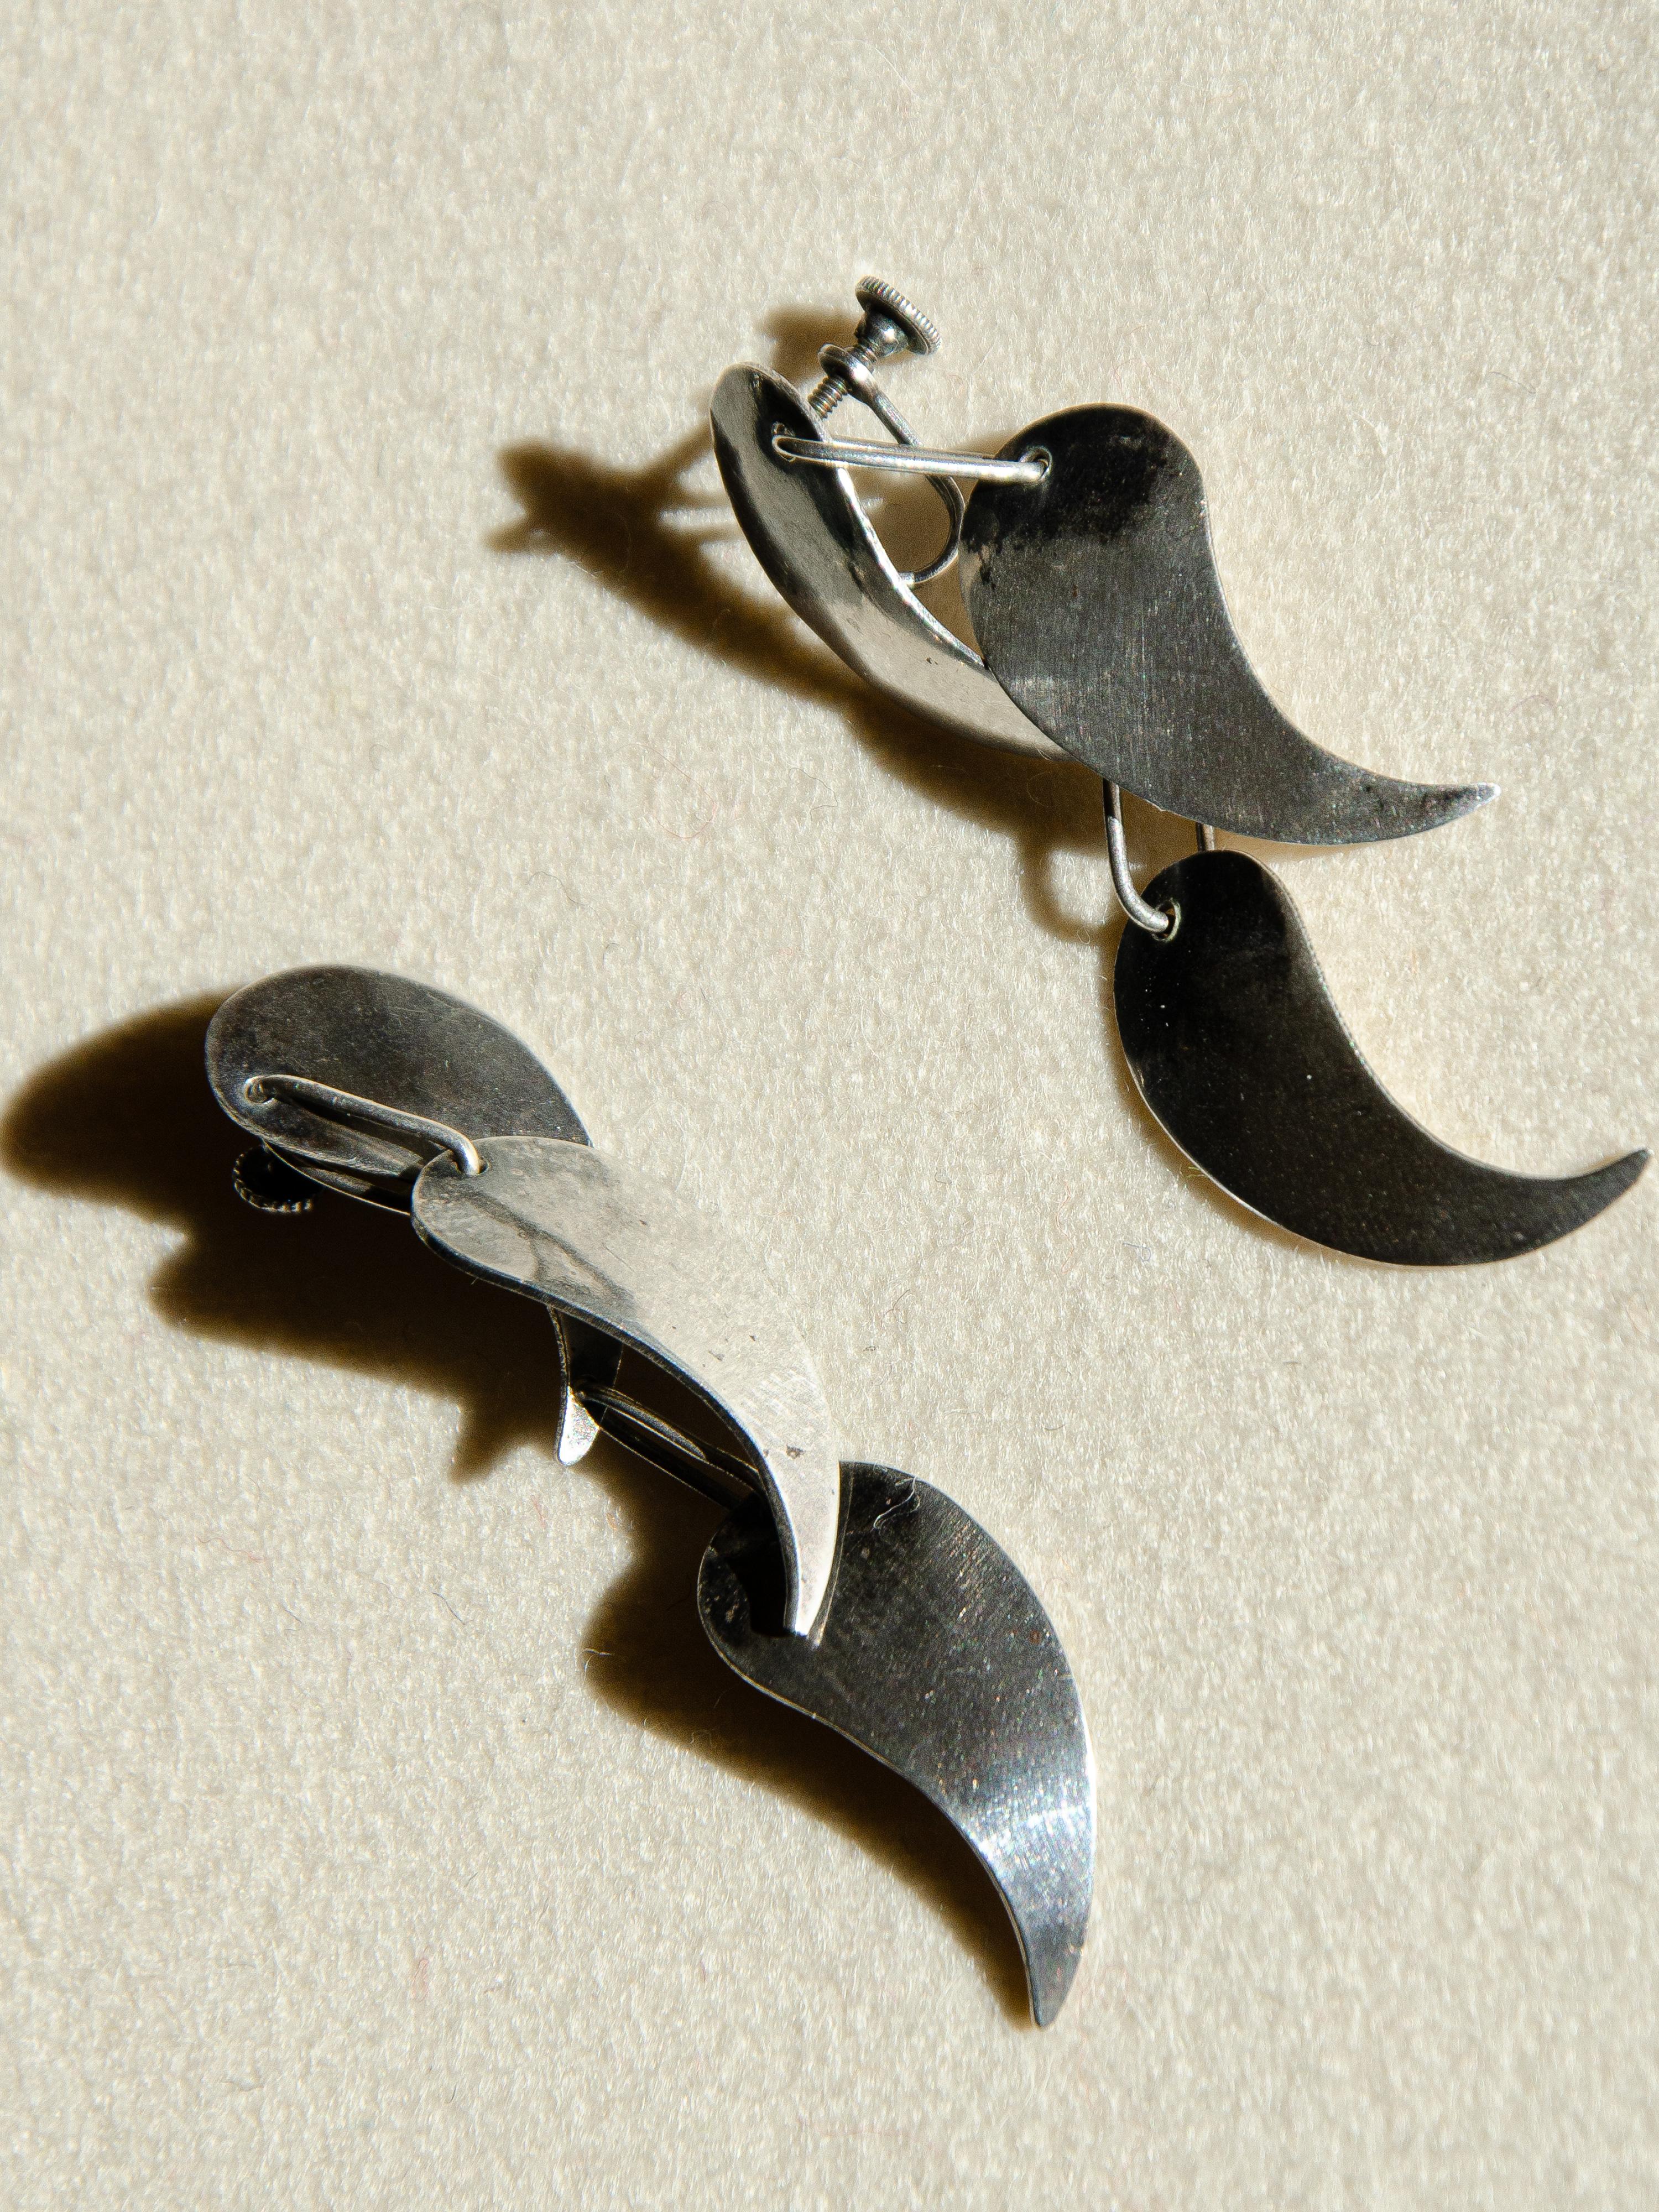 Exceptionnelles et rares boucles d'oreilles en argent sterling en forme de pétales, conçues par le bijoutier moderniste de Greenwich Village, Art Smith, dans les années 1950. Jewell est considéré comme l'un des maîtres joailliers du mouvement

----------------

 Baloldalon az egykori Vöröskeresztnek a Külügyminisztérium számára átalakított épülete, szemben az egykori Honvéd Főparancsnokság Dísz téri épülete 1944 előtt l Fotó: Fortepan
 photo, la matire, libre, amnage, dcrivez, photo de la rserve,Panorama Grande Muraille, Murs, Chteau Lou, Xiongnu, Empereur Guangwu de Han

----------------

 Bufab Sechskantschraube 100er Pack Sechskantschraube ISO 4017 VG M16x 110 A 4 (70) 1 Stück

----------------

Reproduce exactly, and only, the part of the listing above that begins at the line with "Baloldalon az egykori" and goes on through the line with "photo, la matire, libre, amnage, dcrivez, photo".

 Baloldalon az egykori Vöröskeresztnek a Külügyminisztérium számára átalakított épülete, szemben az egykori Honvéd Főparancsnokság Dísz téri épülete 1944 előtt l Fotó: Fortepan
 photo, la matire, libre, amnage, dcrivez, photo de la rserve,Panorama Grande Muraille, Murs, Chteau Lou, Xiongnu, Empereur Guangwu de Han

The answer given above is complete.